Castello, comprese le decorazioni interne (Box C 43): iscrizione per ordine del 20 febbraio 1989

Dati chiave

Eugène Emmanuel Viollet-le-Duc - Restauratore architetto Ricostruì il castello nel 1860.
Fernand de Ginestous - Proprietario e sponsor Richiesto il restauro a Viollet-le-Duc.
Duc de Ventadour - Autorità militare Demolizione parziale ordinata nel 1609.
Viollet-le-Duc - Architettura-ristorante Restaurato il castello nel 1860.

Origine e storia

Il Castello di Montdardier, situato nel Gard 9 km dal Vigan, ha le sue origini nel XII secolo come fortezza medievale. La sua posizione strategica, su una collina che domina la valle del Glèpe, gli permetteva di controllare l'antica pista che collegava il Vigan a Lodève. Questo sito fu usato come posta difensiva dall'epoca romana, poi come punto di passaggio per i pellegrini di Santiago de Compostela. La fortezza, menzionata già nel 1099 nella cartulare dell'abbazia di Saint-Guilhem-le-Désert, fu originariamente costruita tra il paese e la frazione di Sanguinède, un luogo ancora chiamato vigliacciolo.

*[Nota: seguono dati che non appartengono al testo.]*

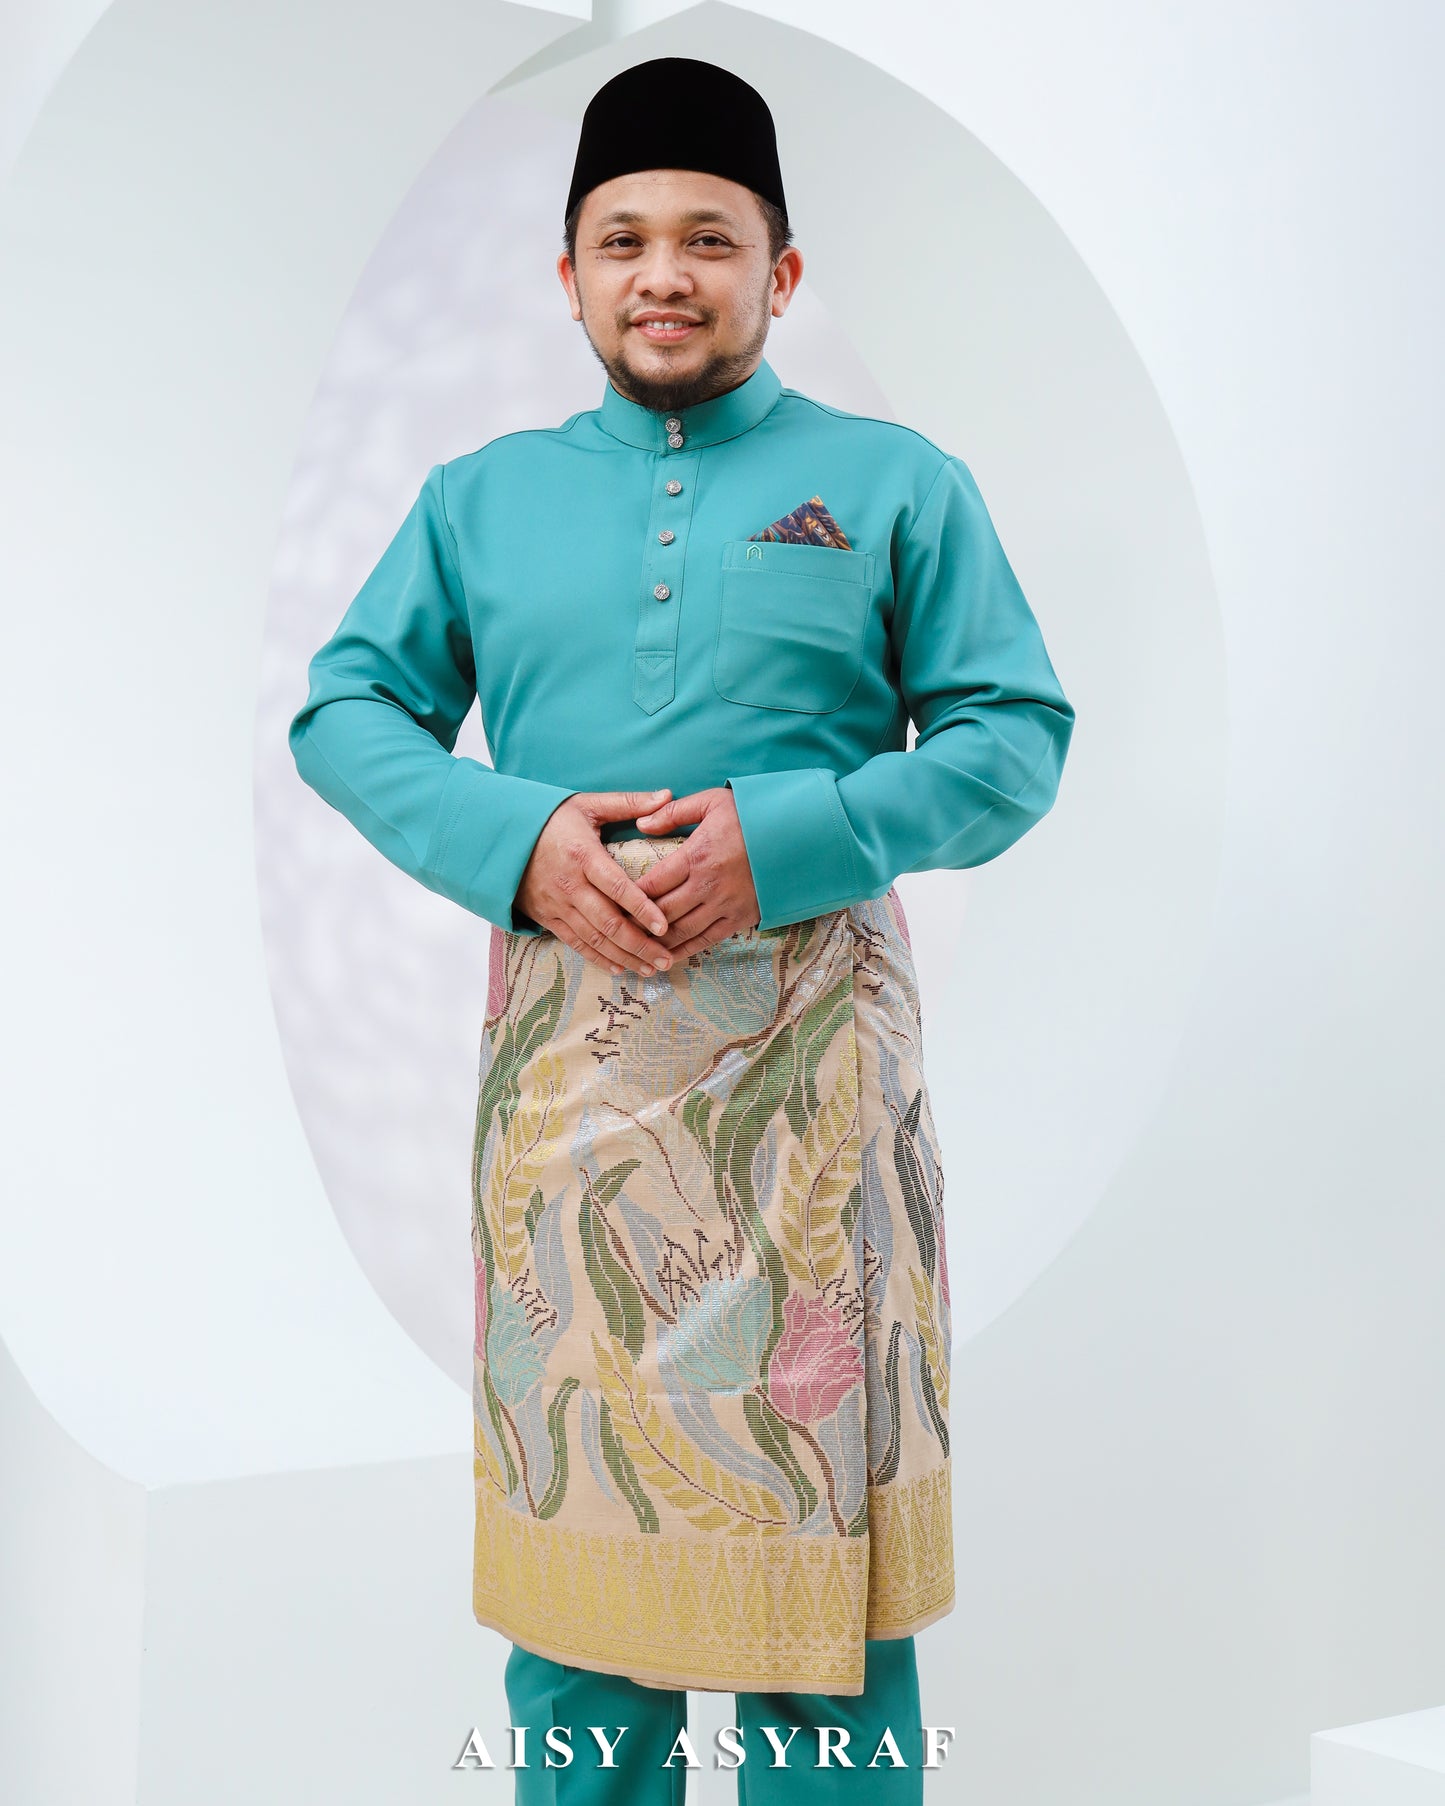 Baju Melayu Haseki - Turqouise

Nel corso dei secoli, il Castello di Montdardier ha svolto un ruolo chiave nei conflitti regionali. Durante la guerra dei cent'anni, fu rafforzato nel 1365 per resistere agli inglesi. Nel 1469 fu bruciato dalle truppe al servizio del conte di Armagnac, poi saccheggiato nel 1563 durante le guerre di religione. Dopo un parziale restauro alla fine del XVI secolo, le sue fortificazioni furono parzialmente demolite nel 1609 per ordine del duca di Ventadour. Nel 1703 venne realizzato un nuovo restauro, ma un incendio nel 1792 durante la Rivoluzione ridusse gran parte dell'edificio alle rovine.

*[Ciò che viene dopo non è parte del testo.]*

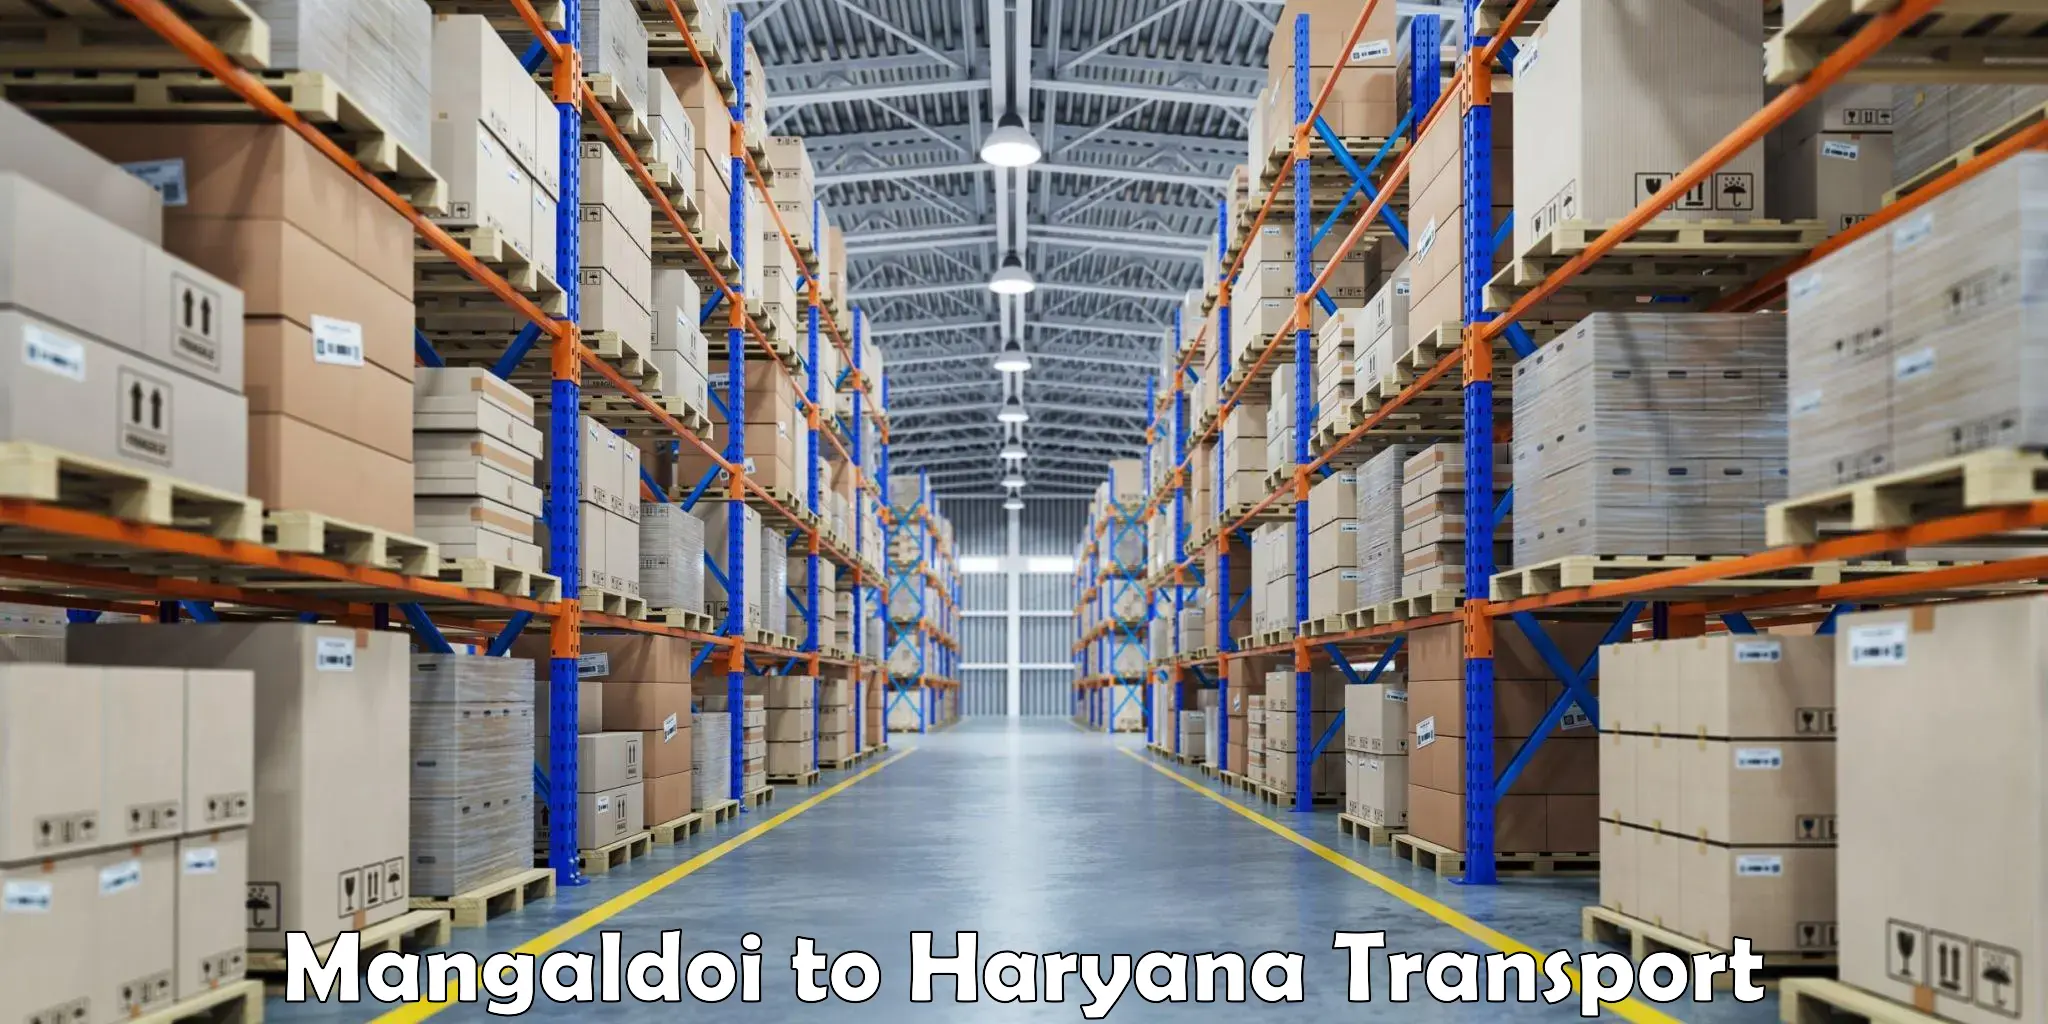 Shipping partner Mangaldoi to Palwal

Il grande restauro del castello ebbe luogo intorno al 1860, quando Fernand de Ginestous affidò a Eugène Emmanuel Viollet-le-Duc il compito di elaborare piani per una ricostruzione. L'architetto, famoso per il suo stile neo-medievale, rieditò quasi interamente la fortezza, mantenendo solo una torre del XV secolo e alcune sottostrutture originali. Il castello, che domina un paesaggio fino a Mont Ventoux in condizioni meteorologiche chiare, simboleggia le tensioni storiche tra Causse e Cevennes, così come tra diverse fazioni religiose e politiche. Dal 1989, è stato elencato come monumenti storici e rimane una proprietà privata, non aperta al pubblico.